Low-level file operations in UNIX

Source: Internet
Author: User
Tags flock

I. Opening and creating a file
Open the function to open or create a file and return the file descriptor.
# Include <fcntl. h>
Int open (const char * filename, int Oflag,.../* [model_t mode] */);
Parameter description:
Path Name of the file opened or created by filename
Oflag integer Oflag specifies the file opening method. The definition is as follows:

Flag Description
O_rdonly Open a file in read-only mode
O_wronly Open a file in write-only mode
O_rdwr Open a file in read/write mode
O_append Open an object in append Mode
O_creat Create a file
O_exec If o_creat is used and the file already exists, an error occurs.
O_noblock Open a file in non-blocking mode
O_trunc If the file already exists, delete the file content.

O_rdonly, o_wronly, and o_rdwr can only use any one of them.
If the o_create flag is used, the int open (const char * pathname, int flags, mode_t mode) function is used. In this case, we need to specify the mode flag, indicates the object access permission. Mode can be a combination of the following conditions:

Flag Description
S_irusr Users can read
S_iwusr Users can write
S_ixusr Users can execute
S_irwxu Users can read, write, and execute
S_irgrp Group readable
S_iwgrp Group Writable
S_ixgrp Group executable
S_irwxg The Group can be read and written for execution.
S_iroth Others can read
S_iwoth Others can write
S_ixoth Others can execute
S_irwxo Others can read, write, and execute
S_isuid Set User execution ID
S_isgid Set the execution ID of the Group

In addition to the above macro "or" logic to generate a flag, we can also use numbers to represent the various permissions of the file. Linux uses a total of five numbers to represent the permissions of the file: the first digit indicates the user ID, the second digit indicates the group ID, the third digit indicates the user's own permission, the fourth digit indicates the Group permission, and the last digit indicates the permissions of others. Each number can be 1 (Execution permission), 2 (write permission), 4 (read permission), 0 (none), or the sum of these values.

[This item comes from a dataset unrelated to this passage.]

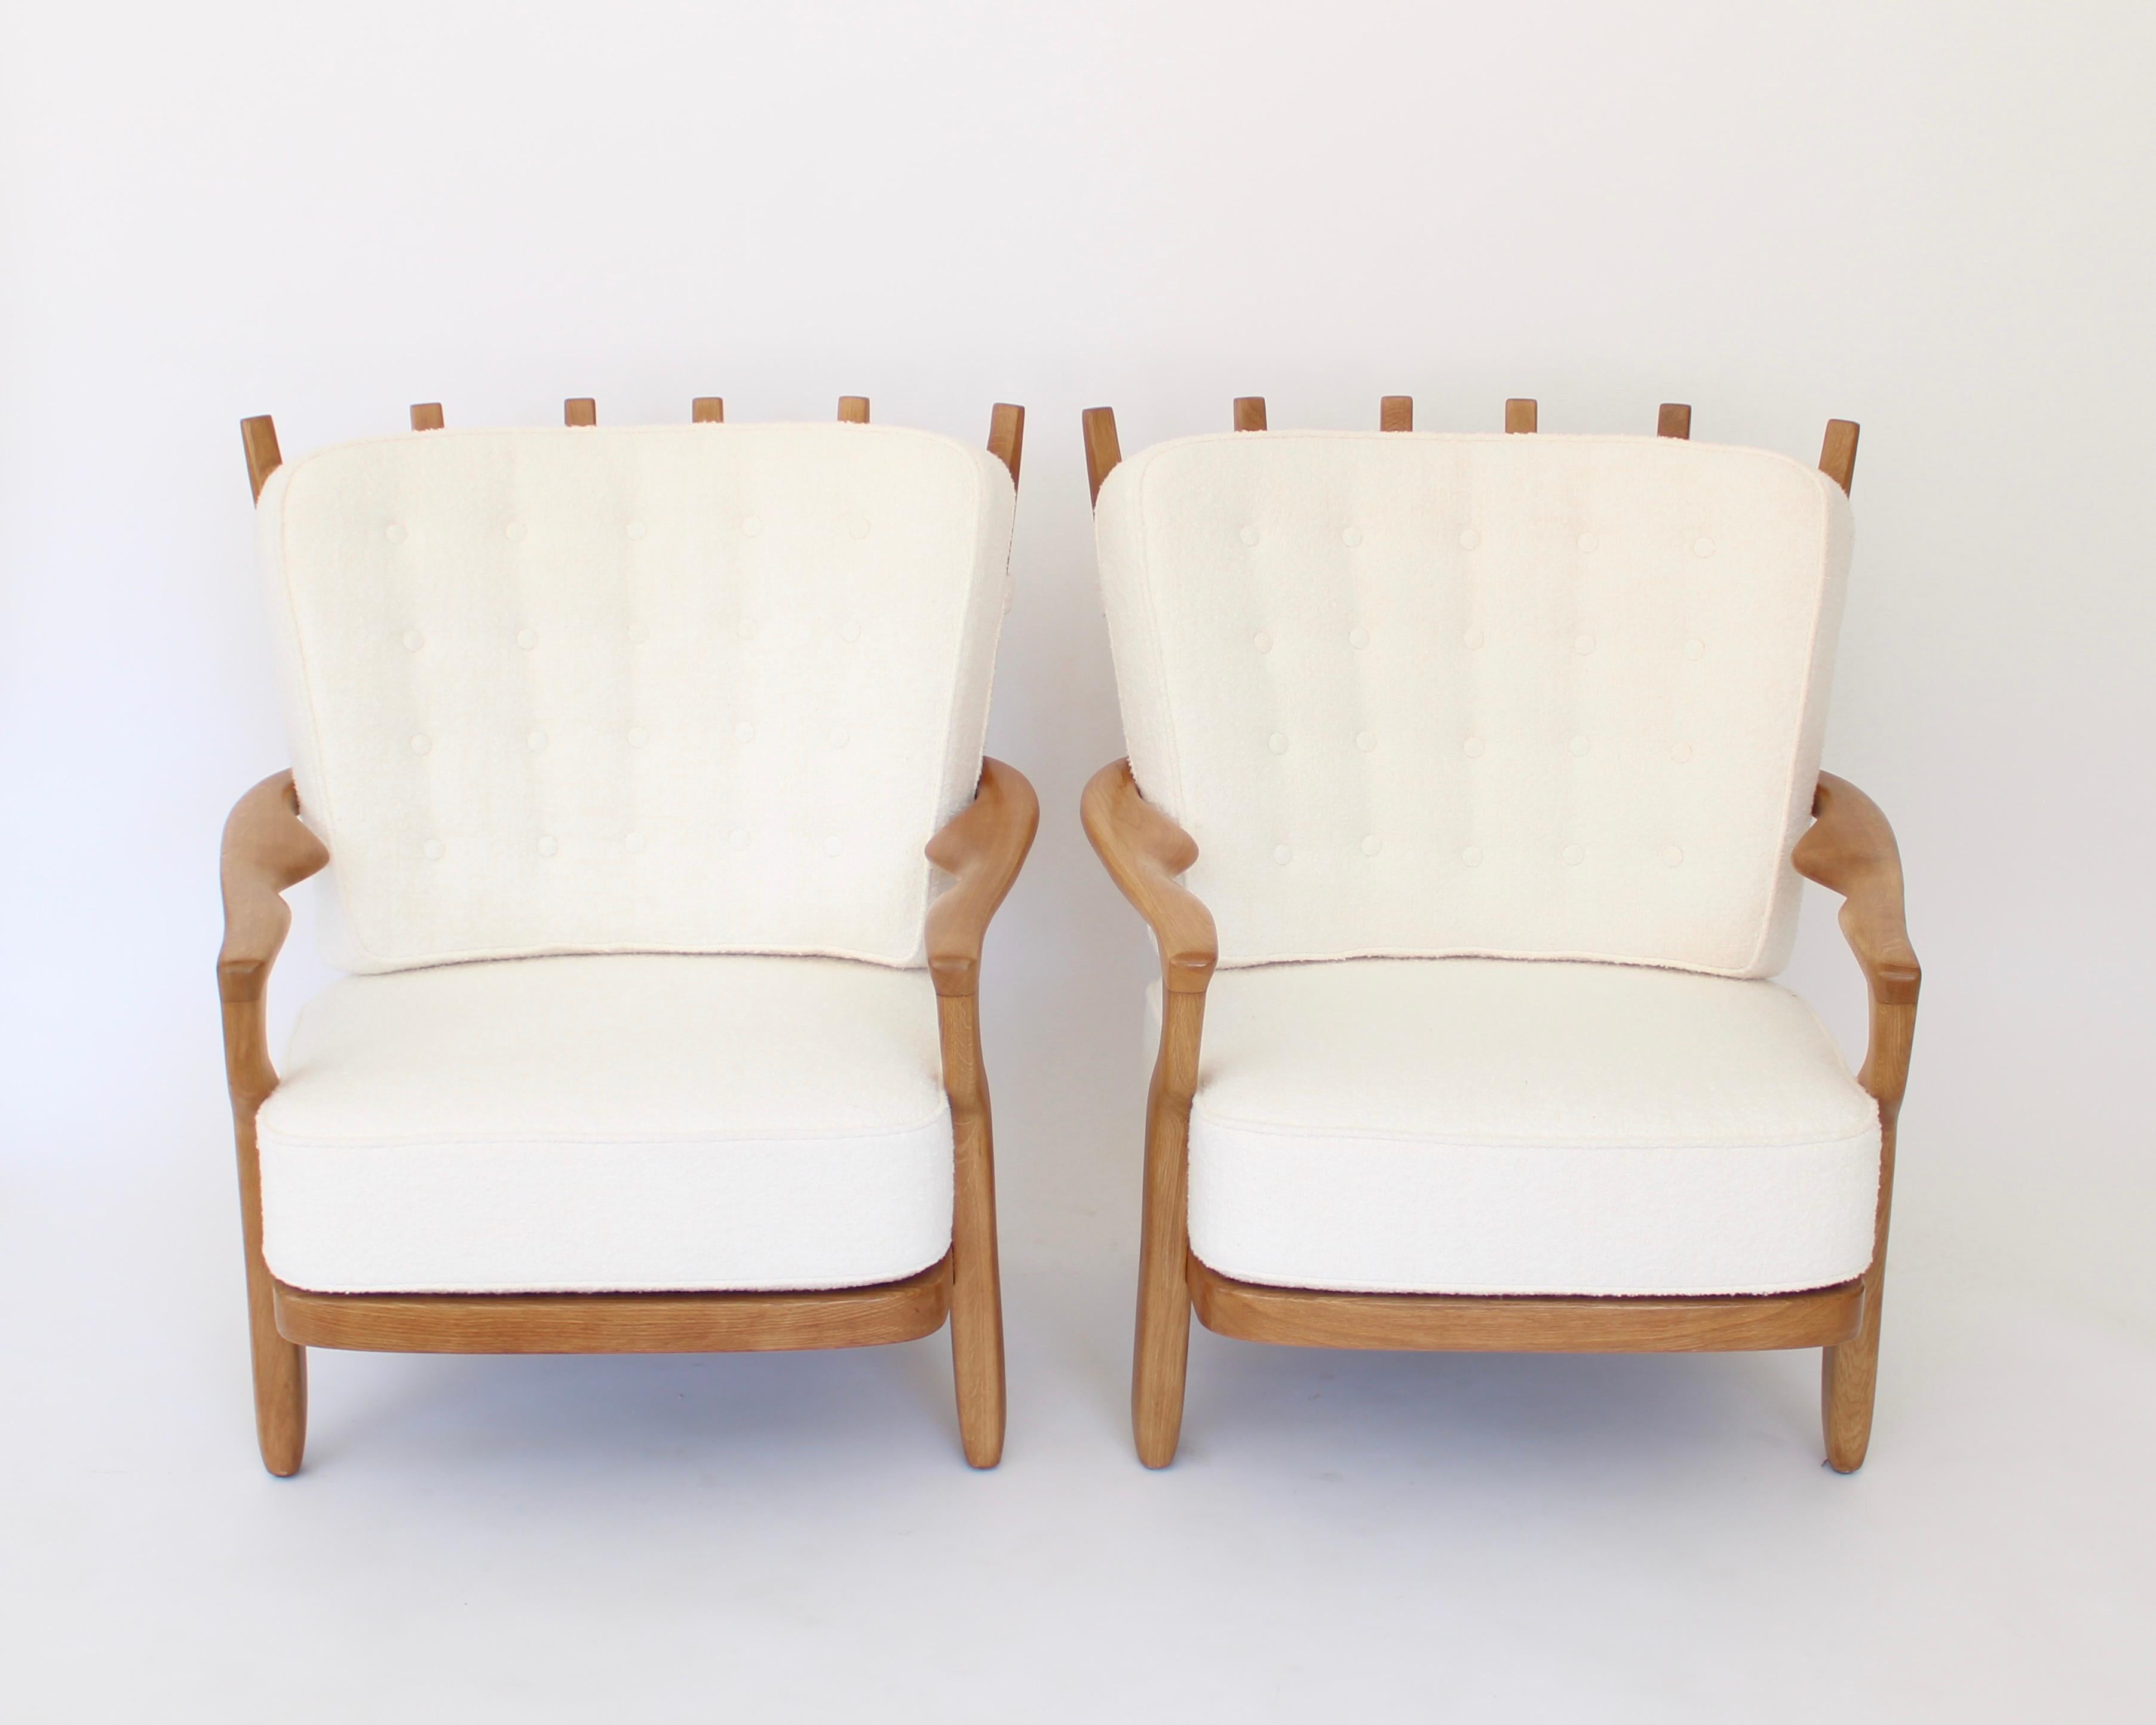 A pair of French oak lounge chairs model Juliette in sculptural carved oak, designed by the French designers Guillerme et Chambron for the French company 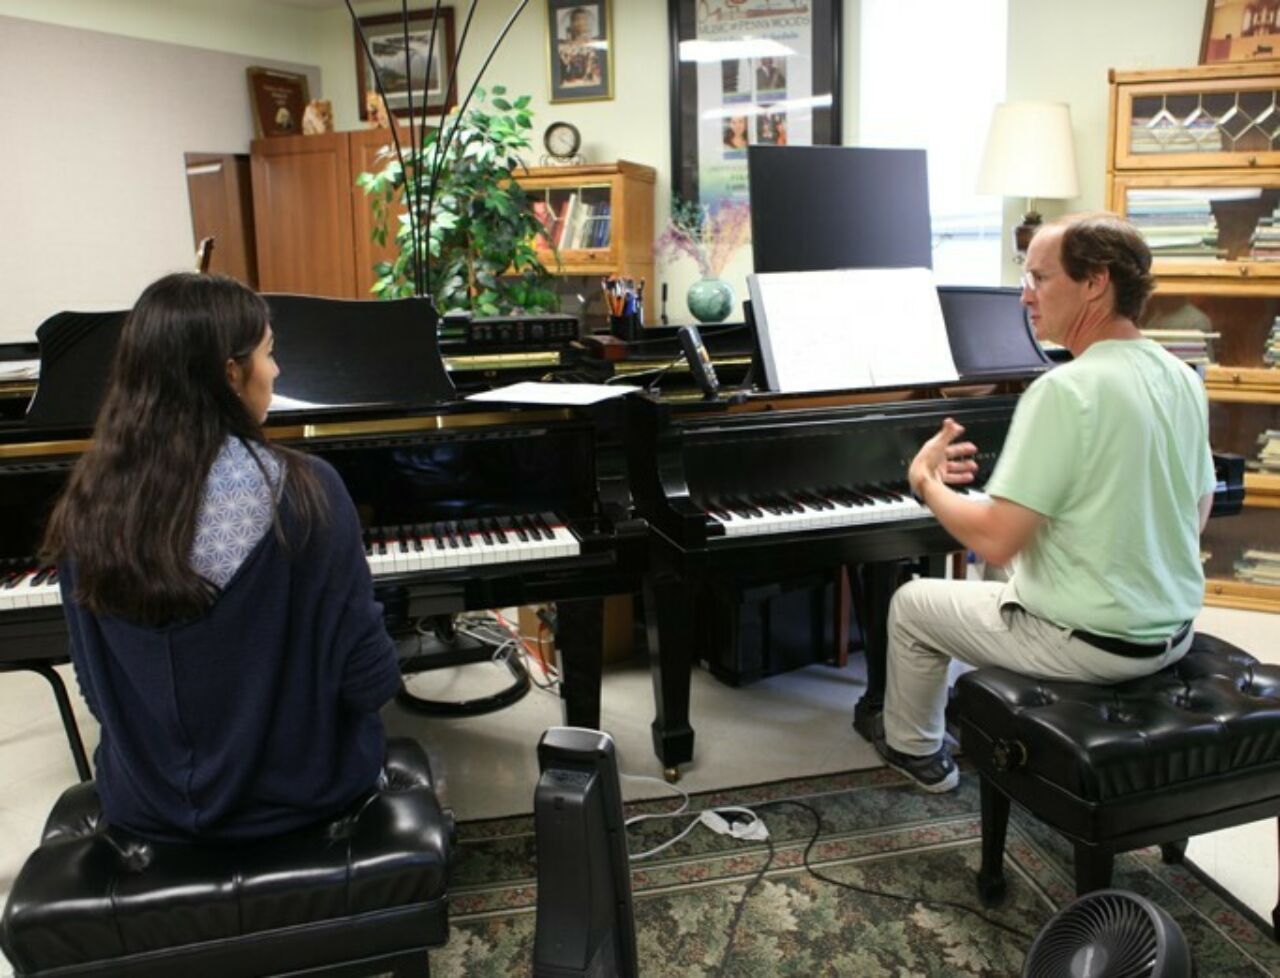 Piano instruction with faculty and student.

Ii. Close and delete files
The function closes an open file for close, and the function unlink deletes the file.
# Include <unistd. h>
Int close (INT filedes );
Int unlink (char * pathname );
Close closes the file descriptor filedes. If the file is successfully closed, 0 is returned. If the file fails,-1 is returned;
Unlink deletes a file. the space occupied by the file is released only when the number of links to the file is 0 and is not opened by other processes. If the function is successful, 0 is returned. Otherwise,-1 is returned.

Iii. file read/write
# Include <unistd. h>
Size_t read (int fd, void * Buf, size_t nbytes );
Size_t write (int fd, const void * Buf, size_t nbytes );
The parameter Buf is the pointer to the buffer, and nbytes is the buffer size (in bytes ). The read () function reads nbytes bytes from the file specified by the file descriptor FD to the buffer zone pointed to by the BUF. The returned value is the actual number of bytes read. Function write writes the nbyte bytes from the buffer to which the Buf points to the file pointed by the file descriptor FD. The returned value is the actual number of bytes written.

Iv. File locating
# Include <unistd. h>
Int lseek (int fd, offset_t offset, int whence );
Lseek moves the file read/write pointer to the offset byte relative to whence. When the operation is successful, the position of the returned file pointer relative to the file header. The whence parameter can use the following values:

Seek_set Start with relative file
Seek_cur Current position of the relative file read/write pointer
Seek_end Relative to the end of the file

The offset value can be a negative value. For example, the following call can move the file pointer 5 bytes forward from the current position:
Lseek (FD,-5, seek_cur );
Because the return value of the lseek function is the position of the file pointer relative to the file header, the following returned values are the file length:
Lseek (FD, 0, seek_end );

5. File Buffering
# Include <unistd. h>
Int fsync (int fd );
The system calls fsync to write all data written into the file descriptor FD to a disk or another device. Similar to fflush in the standard file library programming, the system returns 0 when the system call is successful, otherwise,-1 is returned.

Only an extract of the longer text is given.